Tool Talk | March 24, 2015

Annotating texts in the classroom

One of the most striking aspects of the Web-saturated lives we lead is that we constantly write on things: comments on blog posts , captions or reflections on Instagram images or Facebook updates, and even product reviews on Amazon constitute a major form of public sphere participation for us and especially our students.

So much of what we humanities types do in the classroom involves scribbling on texts.  Whether it’s penciling notes in the margins of a beloved novel, jotting down summaries of arguments of articles or other secondary literature, commenting on the work of students or peers, or even jotting down students’ comments on the chalkboard during class discussions, it’s rare that we’re not annotating something.

Nor is this practice confined to the classroom.  One of the most striking aspects of the Web-saturated lives we lead is that we constantly write on things: comments on blog posts (like this one: you know you want to!), captions or reflections on Instagram images or Facebook updates, and even product reviews on Amazon constitute a major form of public sphere participation for us and especially our students.

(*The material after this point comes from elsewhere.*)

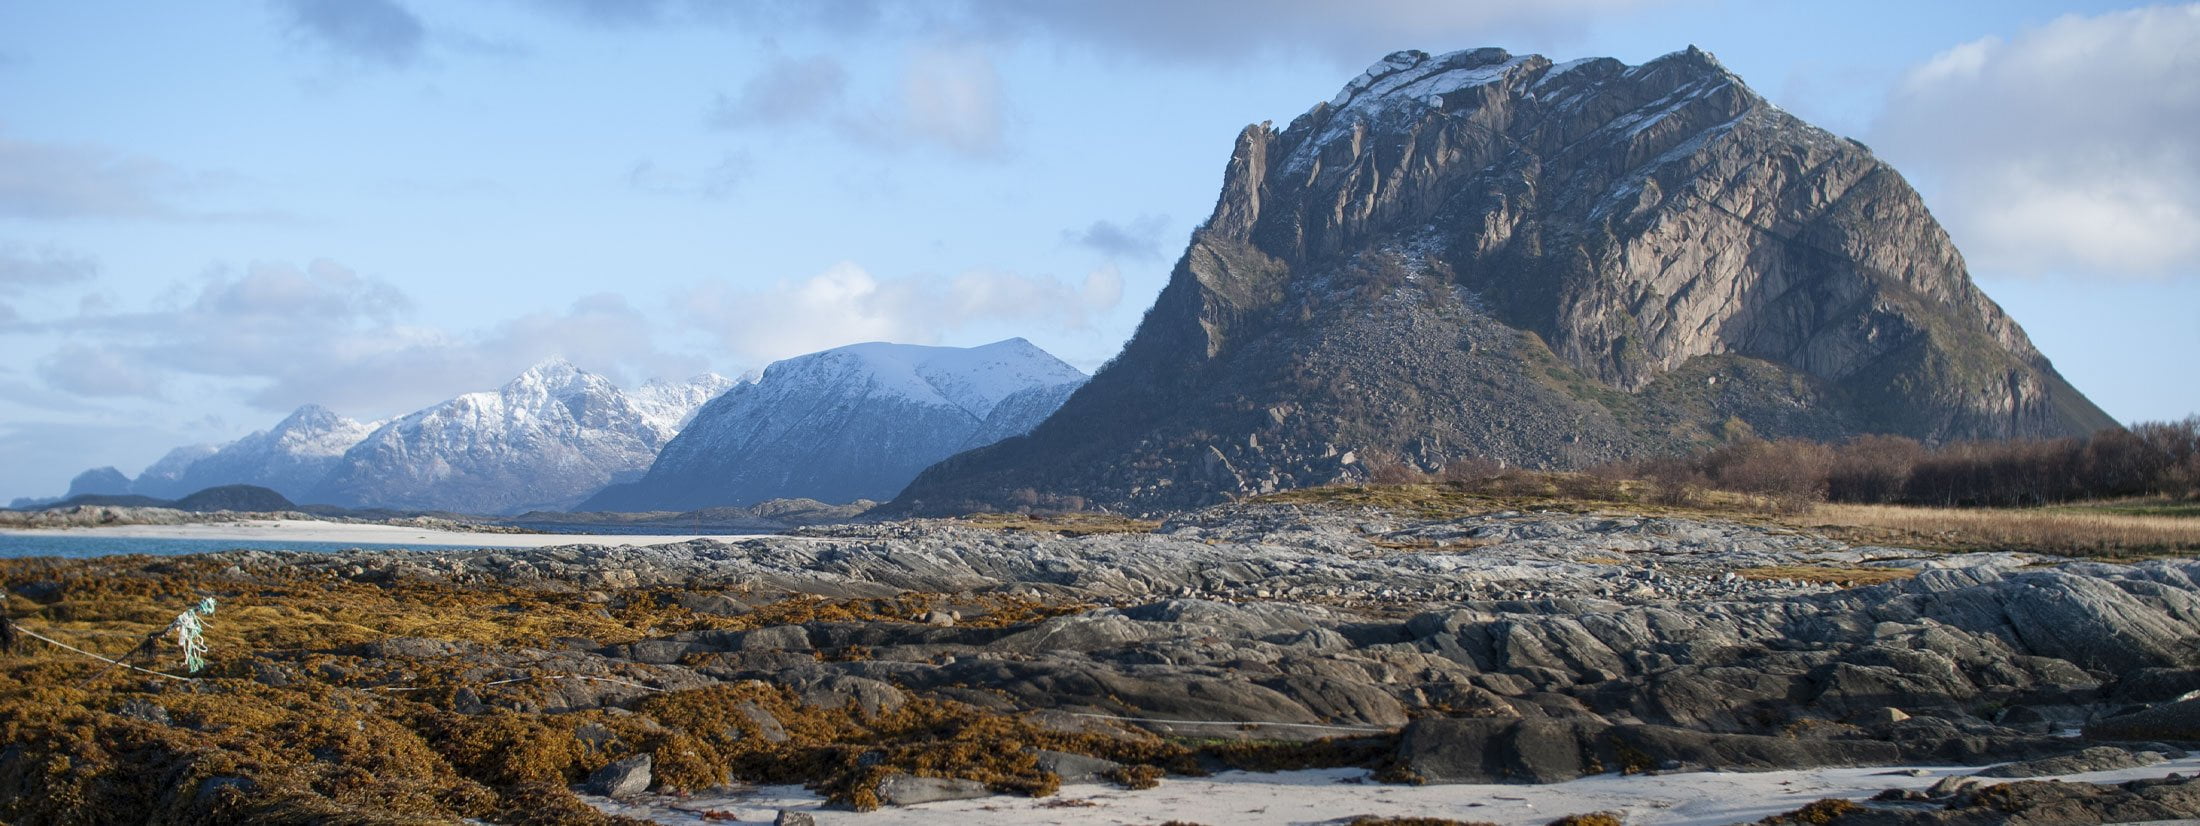 Mjeldberget mountain at Engeløya island Steigen, Norway

Unlike traditional, print-based annotating, these newer practices emerging in networked digital platforms are intensely social.  This aspect of youth/web culture is much lampooned–did you like the book/movie/song or just “like” it?–but it also has profound implications for our pedagogy, many of them quite positive.  In what follows, I want to look at several annotation platforms that have emerged recently, think very broadly about their basic functions and assumptions, and look at an interesting use or two of each.

9710250174_11027f3870_nThe longest-lived of these platforms–and in many ways the most flexible and powerful–is CommentPress, a plugin for the WordPress blogging platform that allows users to make marginal comments on a text.  To oversimplify a bit, it moves the “blog comments” from the bottom to the margins and allows a comment to be pegged to a particular paragraph.  CommentPress has obvious applications in the classroom, allowing students to scribble in the margins of texts, but making that margin public and collective.  Scholars have also used it to solicit comments on works in progress: two pioneering uses include Mackenzie Wark’s Gamer Theory and Kathleen Fitzpatrick’s Planned Obsolescence.  For much more humble uses of this mode of annotation that can be hacked together quickly for use in courses, see two annotated versions of T.S. Eliot’s The Waste Land from one of my courses: the first features students’ spontaneous glosses on the famously formidable text, and the second is more historical, consisting of comments from reviews and essay from the poem’s first wave of readers in the mid-1920s.  Note: I used digress.it for these latter projects, a “fork” in the development of CommentPress that has floundered in recent years.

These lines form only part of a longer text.